More than a third of patients said they had not received any information on marijuana and cancer.

“We hope that this study helps to open up the door for more studies aimed at evaluating the risks and benefits of marijuana in this population,” Dr Pergam said. “This is important because if we do not educate our patients about marijuana, they will continue to get their information elsewhere.”

Photo by Rhoda Baer

A new study suggests cancer patients may be open to using marijuana, but healthcare providers may be falling short in educating patients on marijuana use.

This single-center study included more than 900 cancer patients in a US state with legalized medicinal and recreational marijuana.

More than 90% of the patients surveyed said they were interested in learning more about marijuana use in the context of cancer, and nearly three-quarters of the patients wanted their cancer care providers to supply information on the topic.

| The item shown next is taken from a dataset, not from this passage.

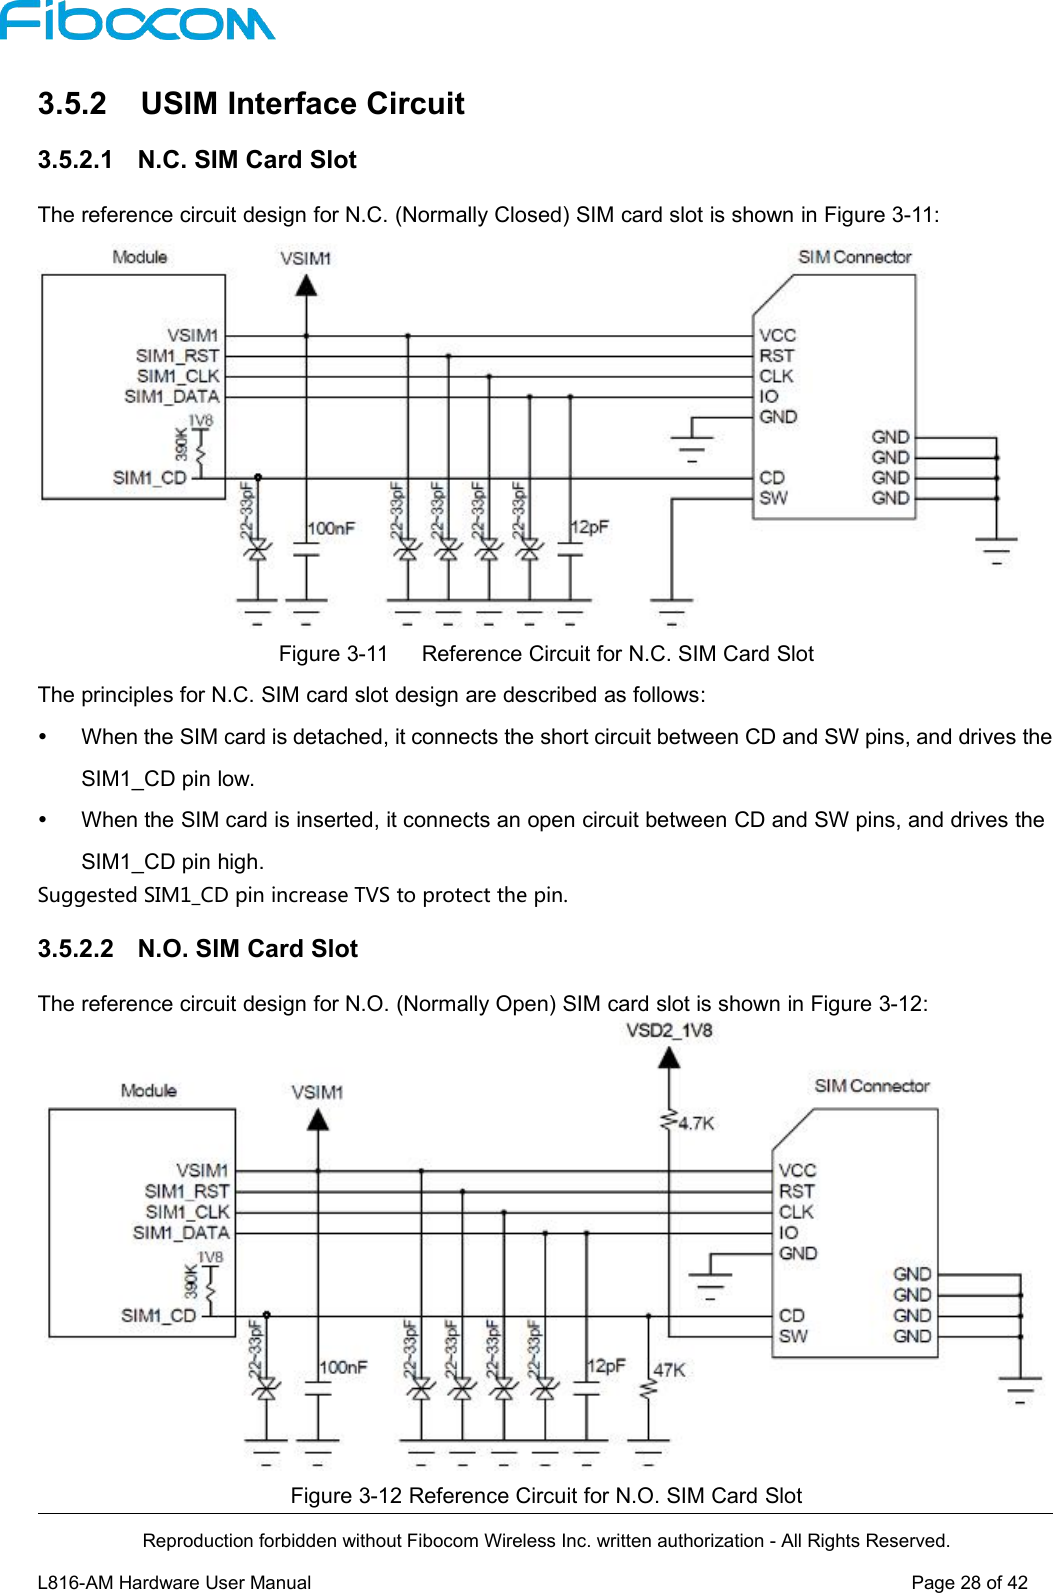 Reproduction forbidden without Fibocom Wireless Inc. written authorization - All Rights Reserved.L816-AM Hardware User Manual Page28of423.5.2 USIM Interface Circuit3.5.2.1 N.C. SIM Card SlotThe reference circuit design for N.C. (Normally Closed) SIM card slot is shown in Figure 3-11:Figure 3-11 Reference Circuit for N.C. SIM Card SlotThe principles for N.C. SIM card slot design are described as follows:When the SIM card is detached, it connects the short circuit between CD and SW pins, and drives theSIM1_CD pin low.When the SIM card is inserted, it connects an open circuit between CD and SW pins, and drives theSIM1_CD pin high.Suggested SIM1_CD pin increase TVS to protect the pin.3.5.2.2 N.O. SIM Card SlotThe reference circuit design for N.O. (Normally Open) SIM card slot is shown in Figure 3-12:Figure 3-12 Reference Circuit for N.O. SIM Card Slot

However, less than 15% of patients received such information from providers. Instead, patients learned about marijuana use from sources such as the Internet or other patients.

“Cancer patients desire but are not receiving information from their cancer doctors about marijuana use during their treatment, so many of them are seeking information from alternate, non-scientific sources,” said Steven Pergam, MD, of the Fred Hutchinson Cancer Research Center in Seattle, Washington.

Dr Pergam and his colleagues reported this finding in the journal Cancer.

Eight US states and the District of Columbia have legalized recreational marijuana, and more than half of states have passed laws allowing for medical marijuana in some form. Marijuana is purported to alleviate symptoms related to cancer treatment, but patterns of use among cancer patients are not well known.

To investigate, Dr Pergam and his colleagues surveyed 926 patients at the Seattle Cancer Center Alliance. The patients’ median age was 58, 52% were male, and 59% had at least a college degree. Thirty-four percent of patients had hematologic malignancies.

Results

Sixty-six percent of patients said they had used marijuana in the past, 24% used in the last year, and 21% used in the last month.

A random analysis of patient urine samples showed that 14% of patients had evidence of recent marijuana use, similar to the 18% of users who reported at least weekly marijuana use.

When compared to patients who never used marijuana and those who previously used marijuana but quit, patients currently using marijuana said they were more likely to do so because the drug had been legalized. Women were more likely than men to use because of legalization.

Current marijuana users were younger, had less education, and were less likely to have undergone hematopoietic stem cell transplant. There was no difference in marijuana use according to a patient’s cancer type.

Most patients said they used marijuana to relieve physical symptoms (75%) and neuropsychiatric symptoms (63%), though some also used it recreationally (35%).

In addition, 26% of current marijuana users said they believed the drug was helping to treat their cancer. And 5% of these users said this was their only reason for marijuana use.

Most patients (92%) said they wanted to learn more about marijuana and cancer. However, the level of interest varied with age, with younger patients expressing the most interest.

Seventy-four percent of patients said they would prefer to get information on marijuana use from their cancer team, but less than 15% received such information from their cancer physician or nurse.

Patients said they received information on marijuana and cancer from friends and family, newspaper and magazine articles, websites and blogs, or another cancer patient.

More than a third of patients said they had not received any information on marijuana and cancer.

“We hope that this study helps to open up the door for more studies aimed at evaluating the risks and benefits of marijuana in this population,” Dr Pergam said. “This is important because if we do not educate our patients about marijuana, they will continue to get their information elsewhere.”